Jeremiah knew no matter what he said, or warned or how much he wept, they would not listen and would not see and therefore would suffer greatly for their refusal to repent from their sins.
(9:7) Therefore thus saith Jehovah of hosts, Behold, I will melt them, and try them; for how [else] should I do, because of the daughter of my people? (9:8) Their tongue is a deadly arrow; it speaketh deceit: one speaketh peaceably to his neighbor with his mouth, but in his heart he layeth wait for him. (9:9) Shall I not visit them for these things? saith Jehovah; shall not my soul be avenged on such a nation as this?

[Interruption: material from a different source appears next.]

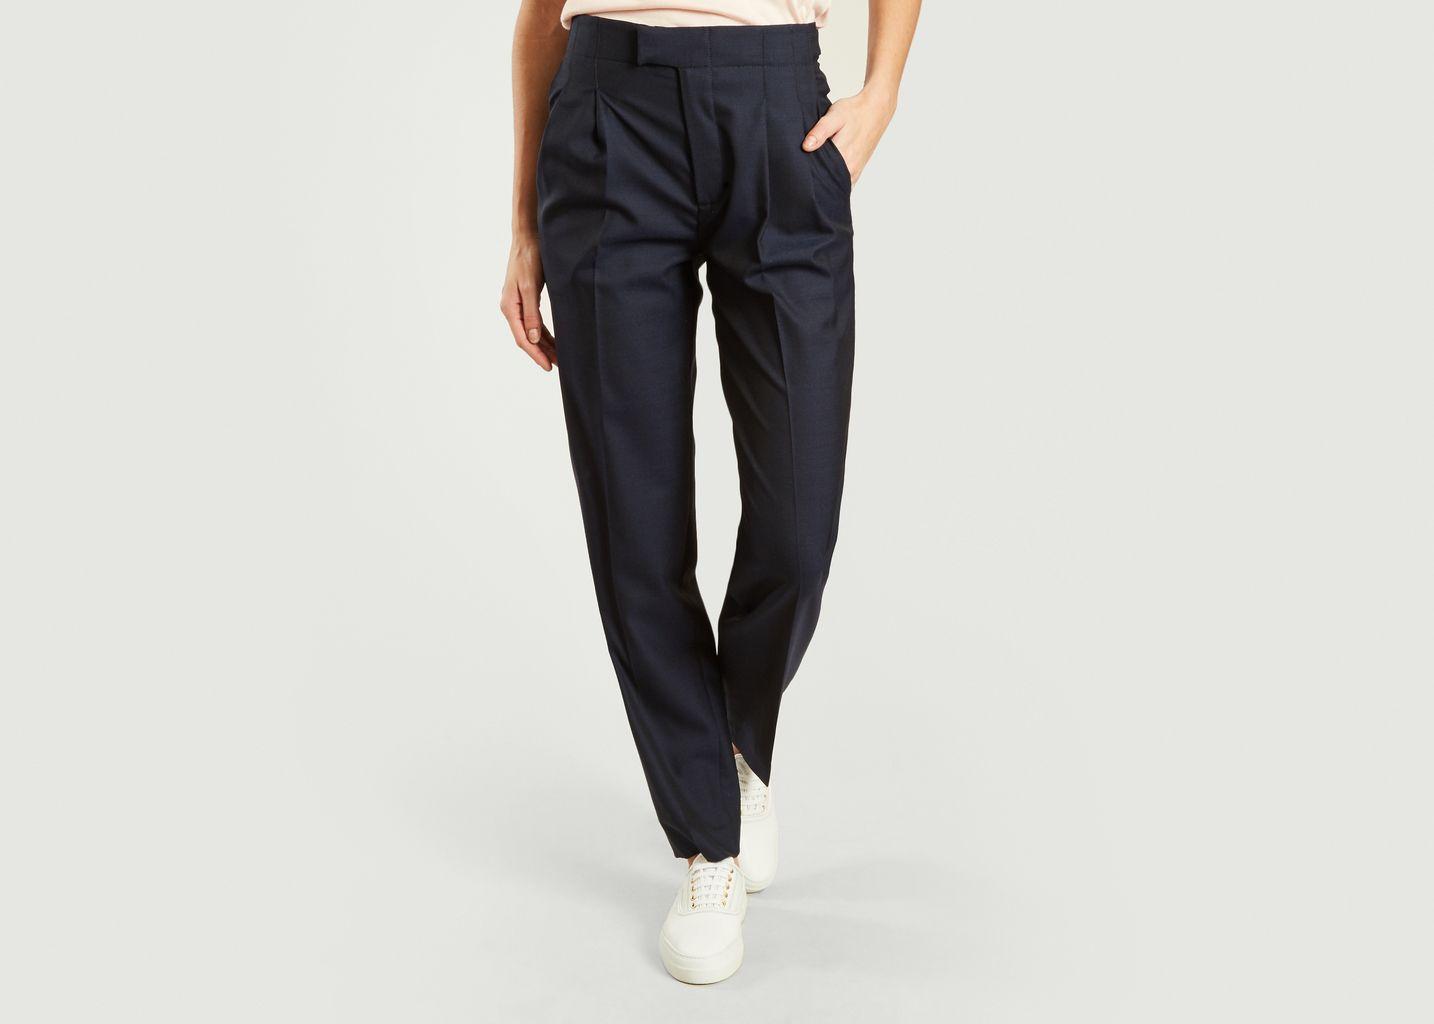 Pantalon Taille Haute - Laquintane

And so Jeremiah wept as he continued to warn them. Sometimes there is nothing left to do but weep when you speak truth but truth cannot be heard because it is not palatable; because it’s not fun or uplifting. Sometimes truth is hard and requires a sacrifice, the giving up of pleasant things–a condition that most are not willing to accept. And so Jeremiah wept. What else was left for him to do?

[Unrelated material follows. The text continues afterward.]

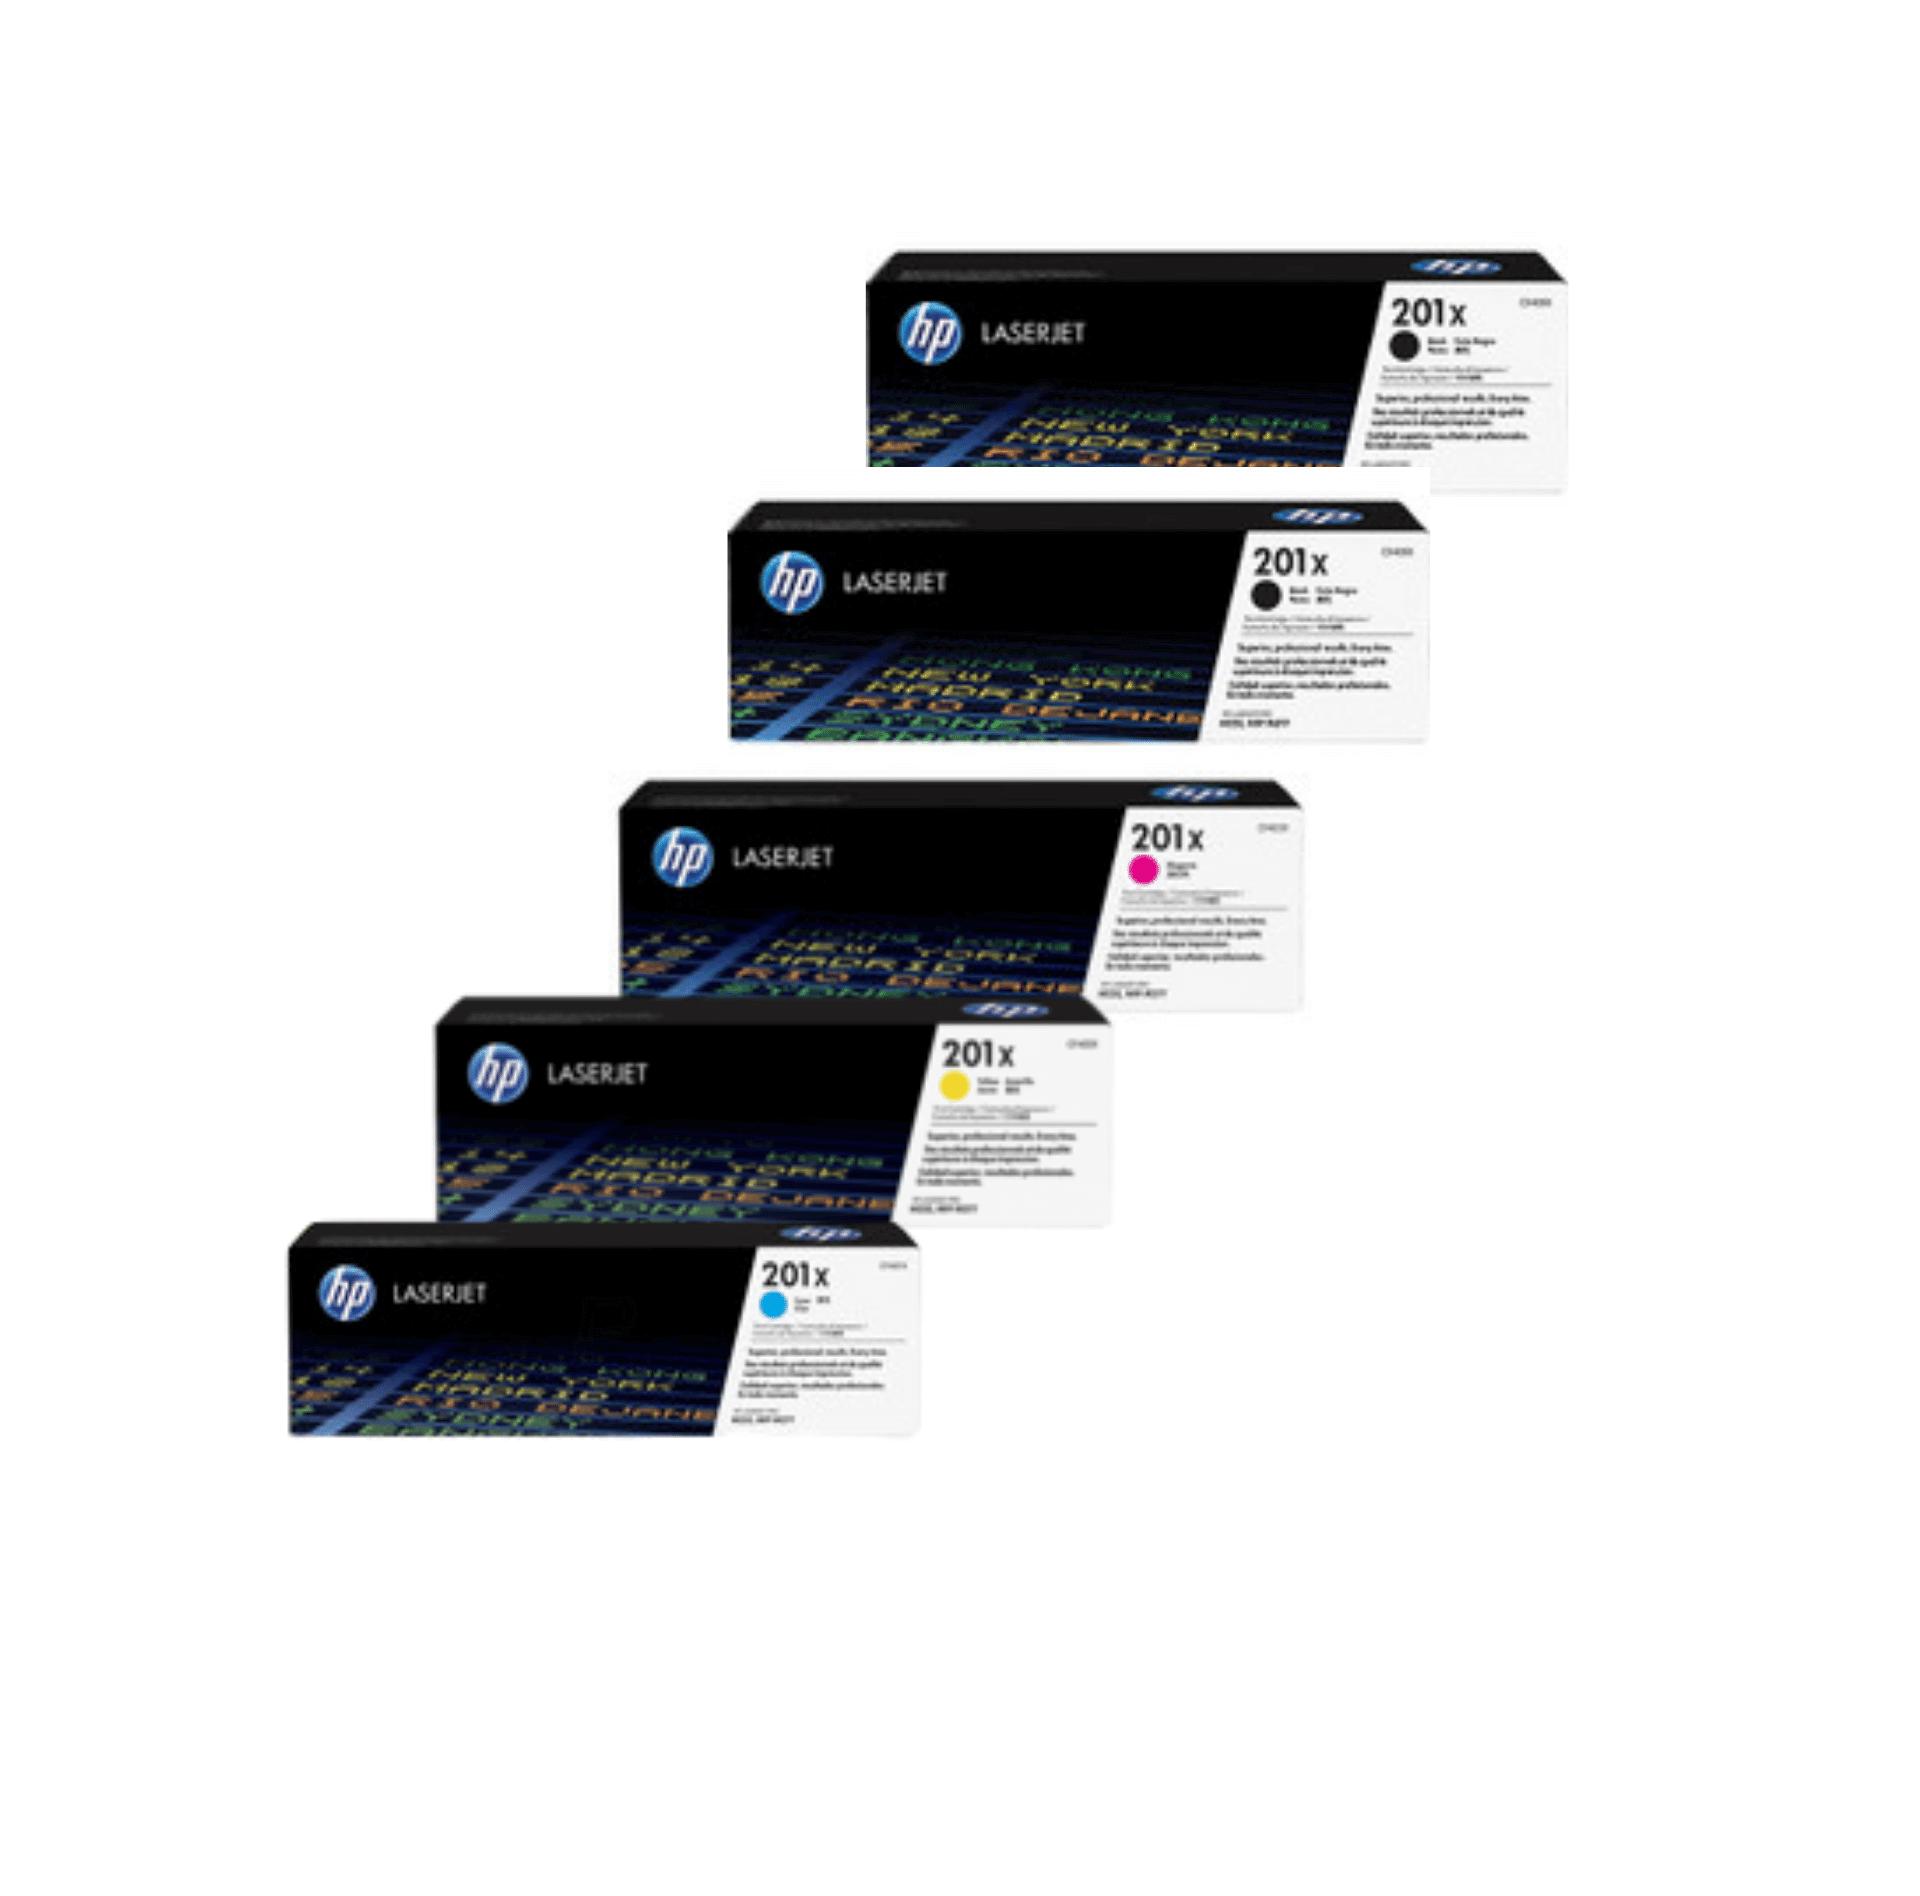 HP 201X Toner Cartridges Value Pack - Includes: [2 x Black, 1 x Cyan, Magenta, Yellow]

(9:10) For the mountains will I take up a weeping and wailing, and for the pastures of the wilderness a lamentation, because they are burned up, so that none passeth through; neither can men hear the voice of the cattle; both the birds of the heavens and the beasts are fled, they are gone.
On any journey there is a point of no return where the destiny is closer than the first step. It is a sobering moment to realize there is no turning back, no matter how difficult the outcome portends. What must be must be.

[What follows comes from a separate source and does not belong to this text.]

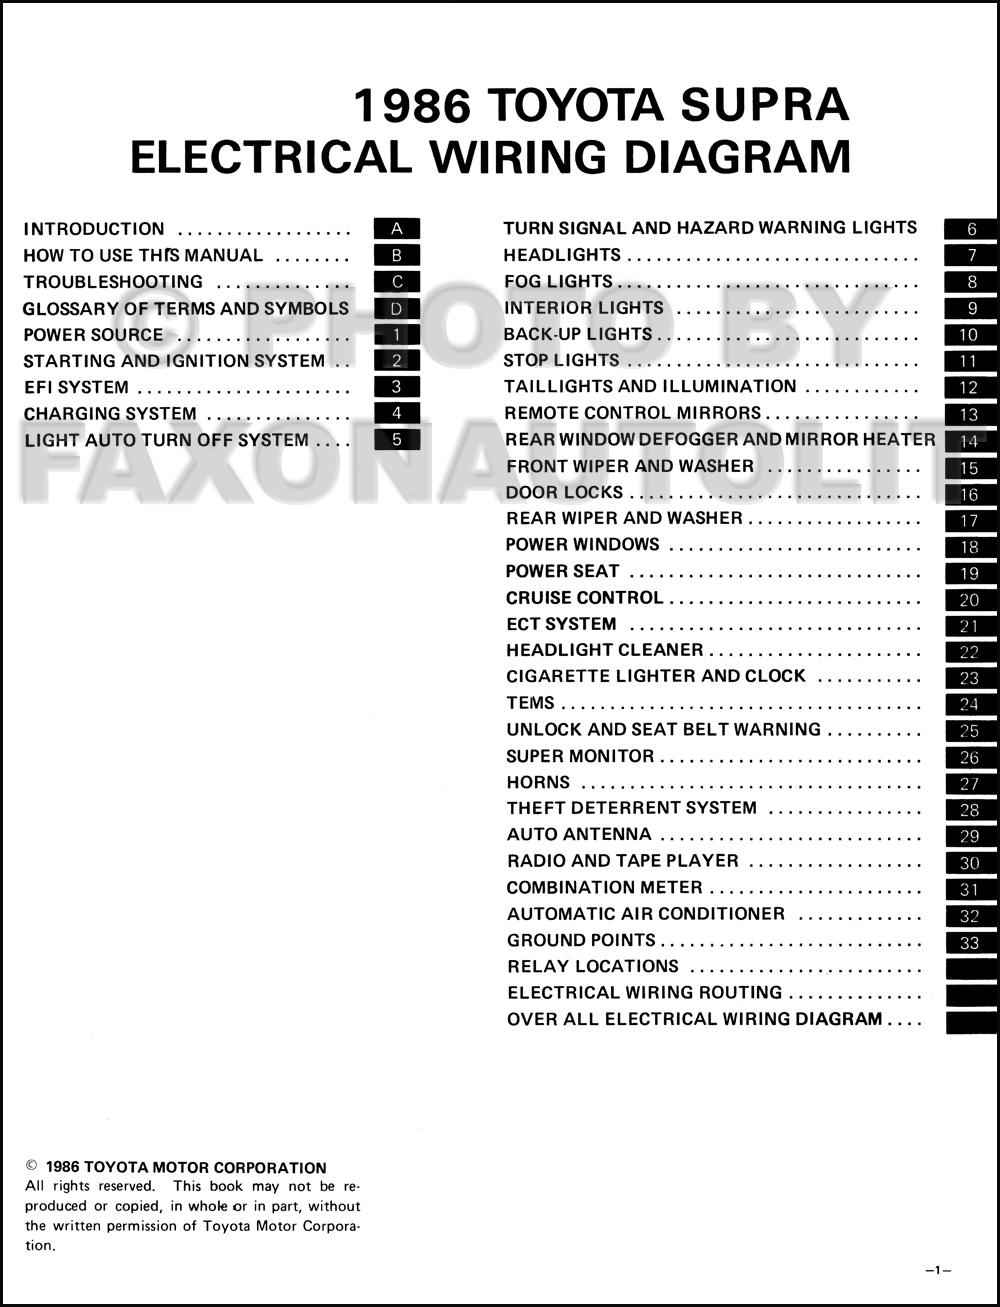 toyota supra wiring diagram toyota image wiring 1986 5 toyota supra wiring diagram manual original on toyota supra wiring diagram

(9:11) And I will make Jerusalem heaps, a dwelling-place of jackals; and I will make the cities of Judah a desolation, without inhabitant. (9:12) Who is the wise man, that may understand this? and [who is] he to whom the mouth of Jehovah hath spoken, that he may declare it? wherefore is the land perished and burned up like a wilderness, so that none passeth through? (9:13) And Jehovah saith, Because they have forsaken my law which I set before them, and have not obeyed my voice, neither walked therein,
Perhaps Jeremiah wept because he could see the point of no return even as he warned the people so he knew there would be no repentance, no revival, no great awakening. Jeremiah knew the outcome was as inevitable as it was devastating.
(9:14) but have walked after the stubbornness of their own heart, and after the Baalim, which their fathers taught them; (9:15) therefore thus saith Jehovah of hosts, the God of Israel, Behold, I will feed them, even this people, with wormwood, and give them water of gall to drink. (9:16) I will scatter them also among the nations, whom neither they nor their fathers have known; and I will send the sword after them, till I have consumed them.
But history recounts that the Israelites refused to hear the warning of Jeremiah the prophet, and in the end they were taken as slaves again to Babylon. Perhaps they too wept then. Did they take Jeremiah’s warnings to heart, after the fact, even though too late? Did they understand why they were being punished or did they feel abandoned by God? Did they shake their fists at Heaven and declare there could not be a God who would allow such a hard thing to happen to them?
One thing is for sure, because it is always the case, they did not know when they had reached the point of no return, when it was too late to change the outcome. They were too busy eating drinking and making merry so they missed the sign.